The impacts of the great Mississippi/Atchafalaya River flood on the oceanography of the Atchafalaya Shelf

Alexander S. Kolker, Chunyan Li, Nan D. Walker, Chet Piller, Alexander D. Ameen, Georgia Boxer, Cyndhia Ramatchandirane, Mohammad Ullah, Kelly A. Williams

Rivers are the primary means by which water, sediment, and dissolved material are transported from the continents to the ocean. Despite previous advances, much remains to be learned about the dynamics of large shelf-discharging rivers, and their functional differences with deep water-discharging rivers, particularly with respect to the distribution of sediments in the coastal zone. The great Mississippi/Atchafalaya River flood of 2011 provided an excellent opportunity to examine the impacts of a large shelf-discharging river on the coastal ocean, and the role that event pulses from such rivers play in the delivery of sediment to the inner continental shelf. Vessel-based surveys were conducted on the inner-continental shelf within the Atchafalaya and Mississippi River plume regions, providing in situ measurements of salinity, temperature, dissolved oxygen, turbidity, particle size, and current velocity profiles. MODIS satellite images and Be^7 measurements were used to assist in data interpretation.

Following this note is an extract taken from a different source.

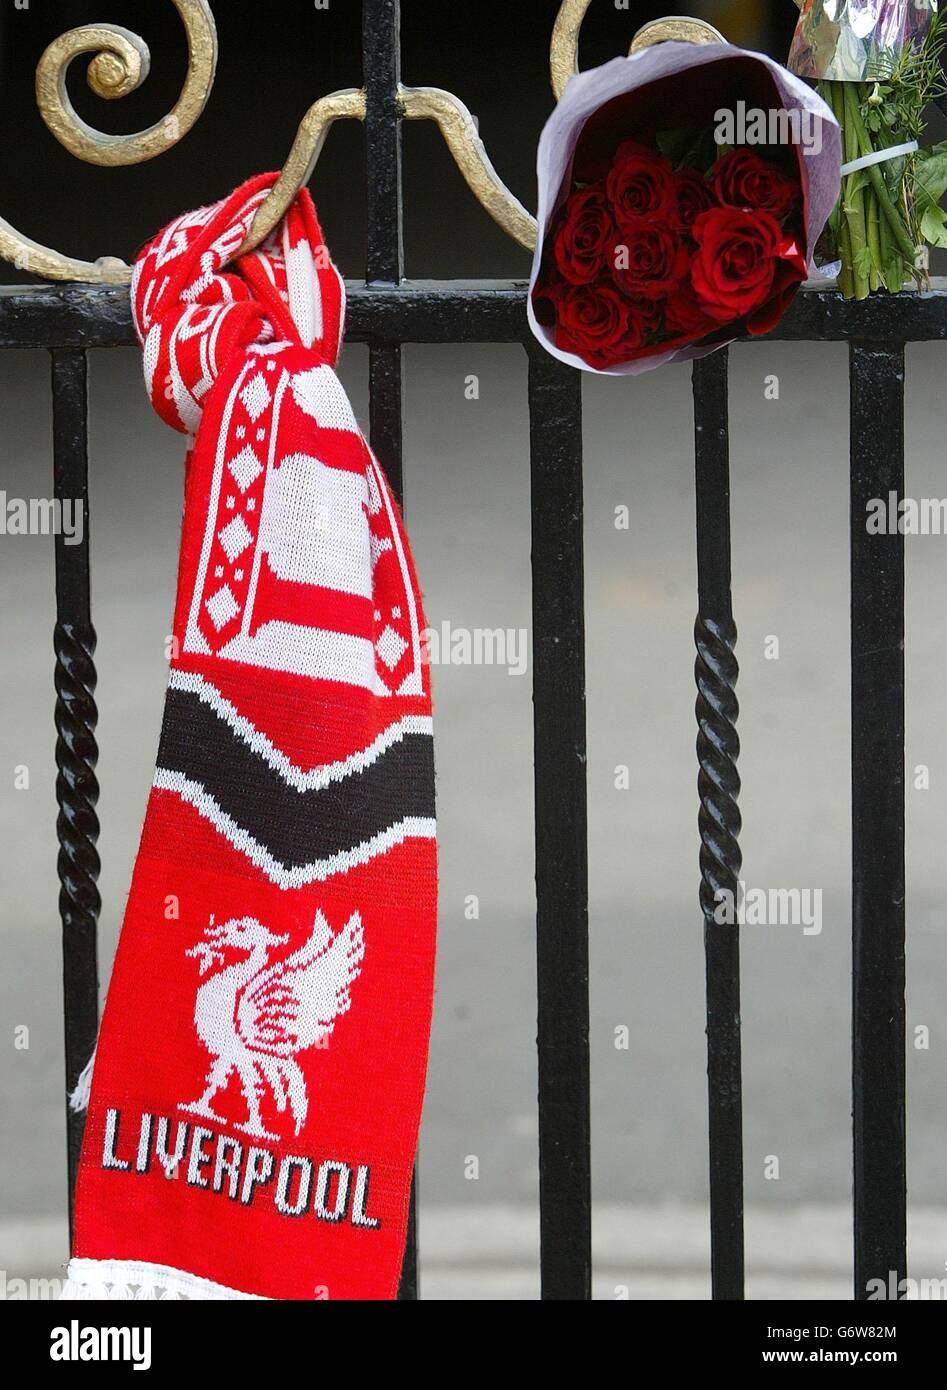 A Liverpool scarf is tied to the Shankly gates of Liverpool Football Club's Anfield stadium, on the 15th anniversary of the Hillsborough disaster. Where a memorial service was taking place at the Kop stand. A candle will be lit for each of the 96 victims who were crushed to death on the Leppings Lane terrace of Sheffield Wednesday's Hillsborough ground during Liverpool's 1989 FA Cup semi-final clash. Stock Photo

We demonstrate that the Atchafalaya River plume produced intense vertical gradients in temperature, salinity, oxygen, and turbidity. This occurred despite the shallow bathymetry of this system and the presence of winds, which alternated between onshore to offshore, and that might have otherwise mixed systems with less freshwater. Sedimentation rates along the inner-continental shelf were about 5-10 times greater than those measured previously during smaller "typical" floods. This large deposit is likely to be preserved, at least in the near term, because sedimentation occured beyond normal depths of wave reworking and the intense stratification induced by this flood likely reduced mixing at the time of sedimentation. A sediment budget for this system reveals that sediment fluxes to the coastal zone during 2011 were similar to those observed in previous years, suggesting that this system is supply limited, rather than transport limited. As such, we postulate that the major impact of this flood was to change the location of the depocenter of Atchafalaya River sediments, rather than increase the annual flux of sediments to the coastal zone. These findings imply that extreme flood events may not be an ideal analog for coastal restoration along this deltaic coast.